Le ministère a affirmé que les décès de détenus dans les prisons de l’occupation et la dégradation alarmante de l’état de santé de milliers de malades et de blessés exigent l’ouverture d’enquêtes indépendantes, immédiates et approfondies, afin d’identifier les responsables de ces violations et de garantir qu’ils répondent de leurs actes.

Il a appelé la communauté internationale, en particulier les Nations unies et leurs mécanismes spécialisés, à assumer ses responsabilités juridiques et morales, à exercer des pressions réelles et efficaces sur la puissance occupante afin qu’elle mette fin aux politiques de négligence médicale, de torture, de mauvais traitements et de détention arbitraire, et à garantir la libération immédiate de tous les détenus incarcérés arbitrairement, notamment les enfants, les femmes et les malades, ainsi que l’accès sans délai aux soins médicaux nécessaires pour l’ensemble des détenus.

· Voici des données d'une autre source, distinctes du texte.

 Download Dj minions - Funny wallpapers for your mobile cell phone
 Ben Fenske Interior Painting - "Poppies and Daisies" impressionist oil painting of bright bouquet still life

Le ministère a également réclamé l’ouverture d’enquêtes indépendantes et impartiales sur tous les cas de décès de détenus palestiniens dans les prisons et centres de détention, ainsi que sur leurs conditions de détention et les traitements qui leur sont infligés. Il a demandé que les dépouilles des détenus encore retenues soient restituées à leurs familles et que les responsables de ces crimes soient poursuivis.

Le ministère a enfin insisté sur la nécessité pour les Nations unies et leurs mécanismes spécialisés de continuer à surveiller régulièrement la situation des détenus palestiniens et à en rendre compte, et de prendre les mesures nécessaires afin de garantir que les auteurs de ces violations ne bénéficient pas de l’impunité.